Anyhow, for good reference info, I highly recommend the Starship Builder.com Forum's. Specifically, check out Battlestar Galactica Studio Model Reference section for some awesome studio model pics, as well as the veritable ton o' screen caps. There's also stuff there for other ships from TOS BSG, too. 

Also, if you've not picked it up yet, the Alliance Models Colonial Movers is pretty nice, tho not 100% accurate. It just needs a couple of tweaks to get it right. You can find it at Federation Models. 

Oh, and nice job thus far! I like the extra greeblies you've added beyond the SMT parts.


----------



## El Gato (Jul 15, 2000)

Griffworks said:


> SMT Detailing kit (not accurate, just so's ya know!)


 It's funny you bring it up. I don't know why, and I don't know how you or Phil feel about it, I'm not as nitpicky for Galactica as I would be with any of the Es. I mean, God forbid if I think the planetary sensor dome's too flat, but I'm not sweating it if a greeble is a little too the right, knowutImean? It's probably because I'm not as emotionally invested even though I think the Galactica's a cool looking ship.

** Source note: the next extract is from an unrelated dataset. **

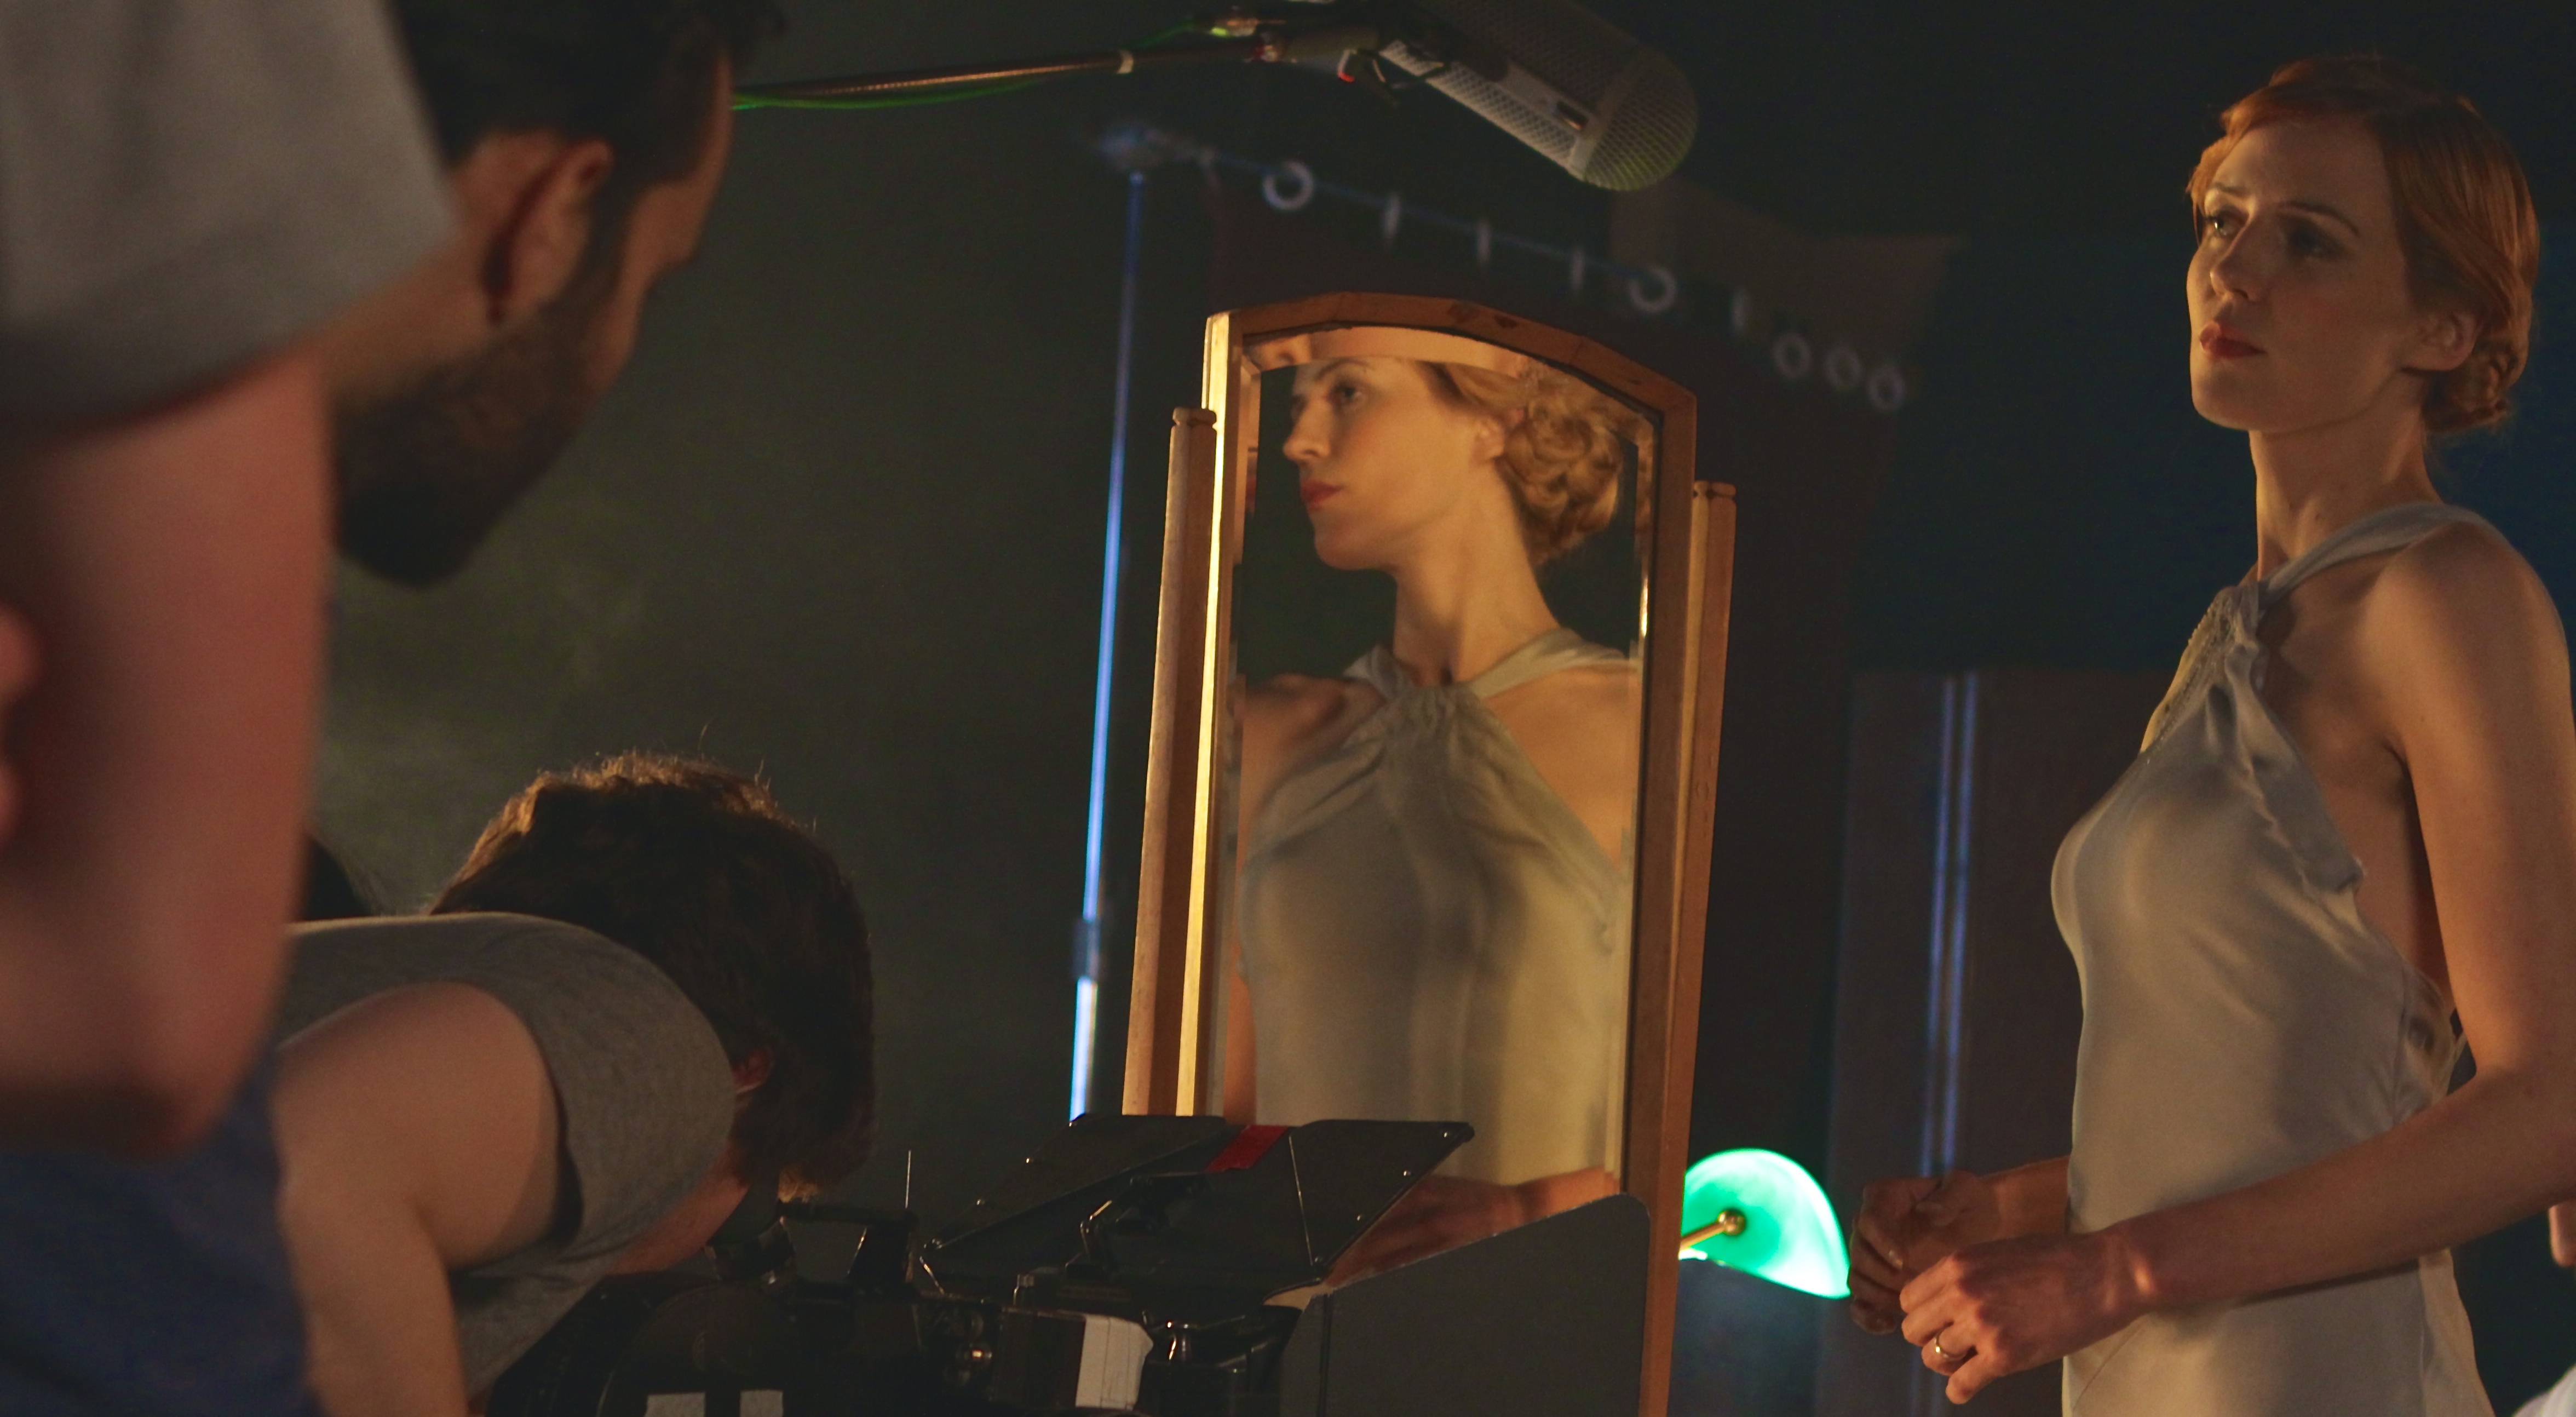 Behind the scenes of The Tailor with David Smith and Kari Kleiv

And thanks for the links Griff. Please post pics of your model when you get a chance!

José


----------



## PhilipMarlowe (Jan 23, 2004)

El Gato said:


> It's funny you bring it up. I don't know why, and I don't know how you or Phil feel about it, I'm not as nitpicky for Galactica as I would be with any of the Es.
> José


I put on the TOS pilot DVD a few times before I started it. I know exactly what you mean, the surface of Galactica is so "busy" you can't hardly pick out specific details, unlike say the deflector dish or phaser emitters. And it's so busy, it would personally drive me crazy duplicating every detail accurately.

But I've had so much fun with this one, I already ordered an unbuilt one to do right, along with another upgrade set. Plus, like I said, if you check the opening shot of the lit Galactica on the DVD, fiber optics seem just ideal at this scale. I wanted to fiber optic this one, but whatever glue was used was damn good, this thing ain't coming apart without breaking something, I couldn't even get the landing bays off.

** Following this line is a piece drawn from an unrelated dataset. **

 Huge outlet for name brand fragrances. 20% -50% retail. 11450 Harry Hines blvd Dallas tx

And I agree about the SMT being a little overdone, I flattened down the detailing on the front pylon faces with an emory board just because they seemed to jut out too much.


----------



## StarshipClass (Aug 13, 2003)

That's looking great, Philip! Keep us updated as you make progress!


----------



## Edge (Sep 5, 2003)

She's looking good man, keep up the good work!
I still need to finish mine,original issue started way
back when, but don't feel ready to tackle it.

Edge


----------



## PhilipMarlowe (Jan 23, 2004)

Another great thing about this kit, when I cut up and place all those little pieces of auto parts all over, I get a real "Veteran SFX Whiz Douglas Trumble works on the detailed _Valley Forge_-_Discovery_-_CE3K_ Mothership model" kind of feeling. I memorized waaay too many _Starlog_ and _Cinemafantastique_ photo captions as a kid, before I discovered a hobby that'd _really_ suck your wallet dry:women.


----------



## El Gato (Jul 15, 2000)

Hey Philip - I went to Michael's and found the fiberoptic thingamajig there. Picked up four of the puppies. It took a lot of willpower to leave the other three, but I managed to do it. 

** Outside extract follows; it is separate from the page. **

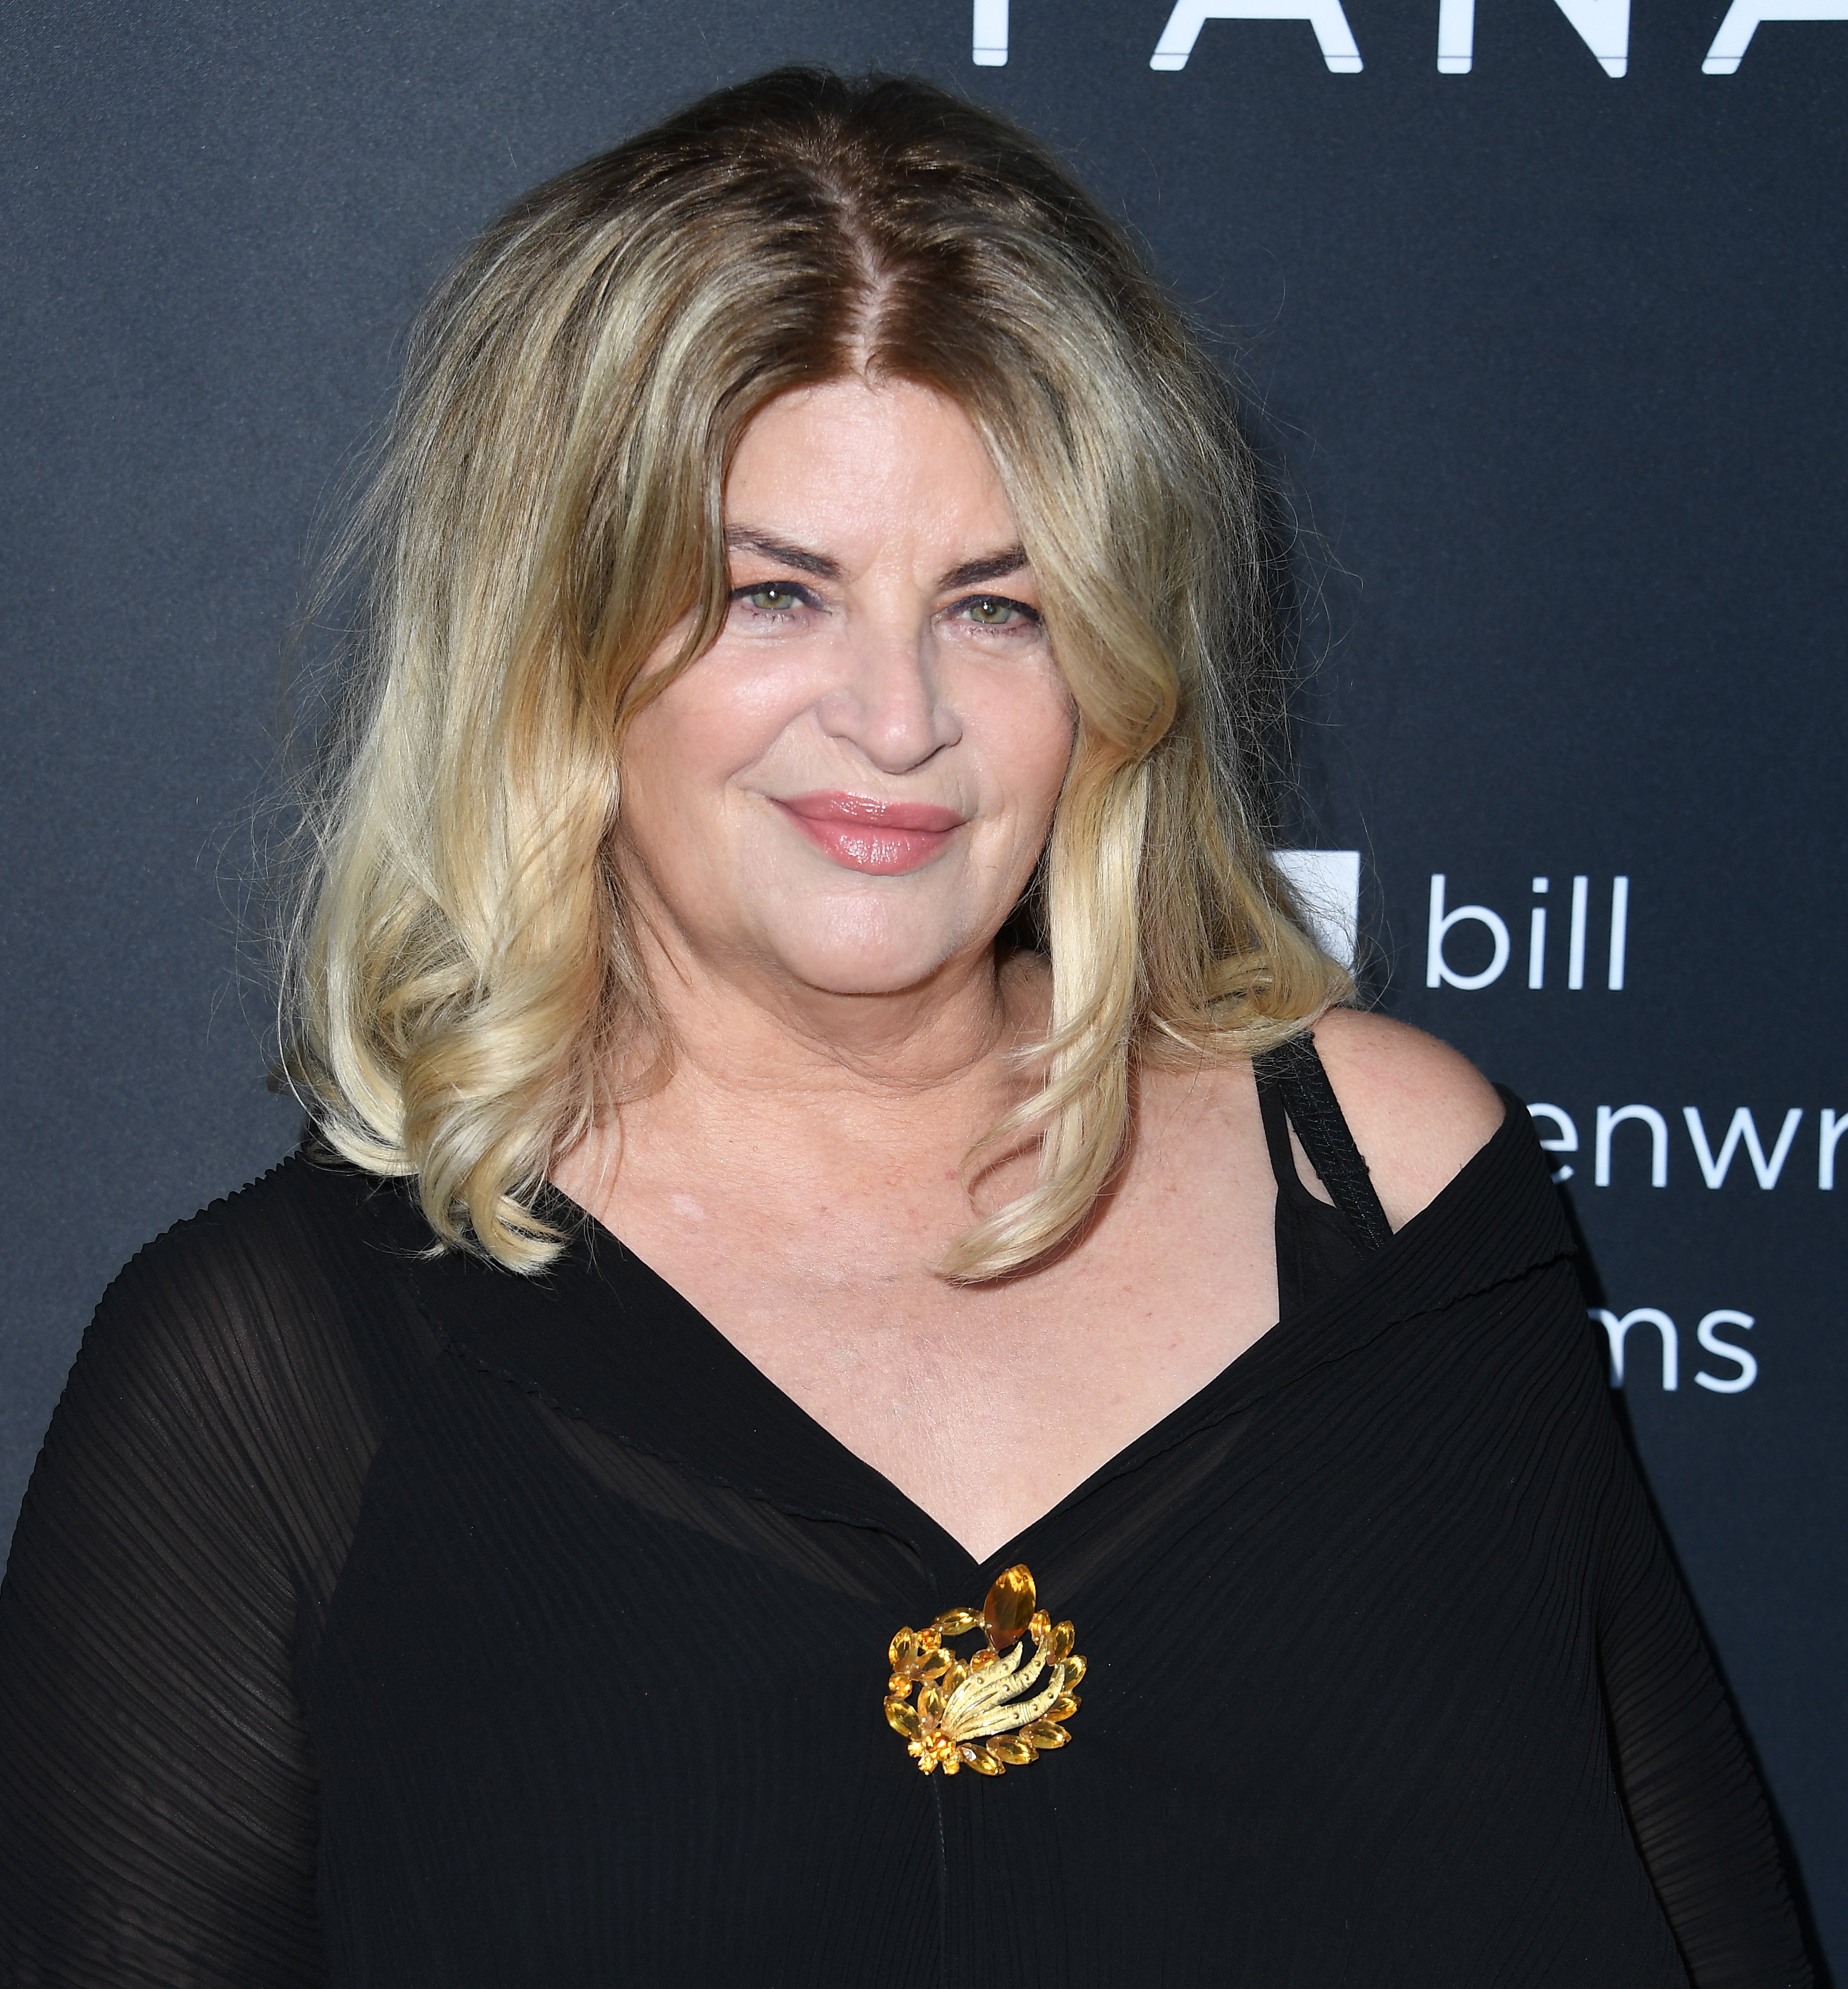  Kirstie Alley arrives at the Premiere Of Quiver Distribution's "The Fanatic" at the Egyptian Theatre on August 22, 2019 in Hollywood, California.| Source: Getty Images

I'm looking forward to redoing my Galactica and Base Star. Normally I'm a stickler for leaving my models as they are after I build them. I figured they're kind of a snapshot of where my skills were at the time. But for whatever reason I'm OK with retouching models I finished 8 years ago.

José


----------



## PhilipMarlowe (Jan 23, 2004)

Except you never see Douglas Trumble or Greg Jein with their fingers superglued to their model, as I've manage to do three times so far manuevering tiny scraps of plastic! It's coming along, going to be ready for primer soon if the rain ever moves out!


----------



## PhilipMarlowe (Jan 23, 2004)

First coat of primer, had a lull in the storm!:


----------



## Steven Coffey (Jan 5, 2005)

That looks great! :thumbsup: :thumbsup:


----------



## El Gato (Jul 15, 2000)

^ Those primer pictures look like they're negatives. She's coming along really nicely.

José


----------



## Griffworks (Jun 24, 2002)

Phillip, 

Did you close off the landing bay w/some sheet styrene? Also, I don't recall seeing it, but did you get the JT Graphics decal sheet?


----------



## PhilipMarlowe (Jan 23, 2004)

Griffworks said:


> Phillip,
> 
> Did you close off the landing bay w/some sheet styrene? Also, I don't recall seeing it, but did you get the JT Graphics decal sheet?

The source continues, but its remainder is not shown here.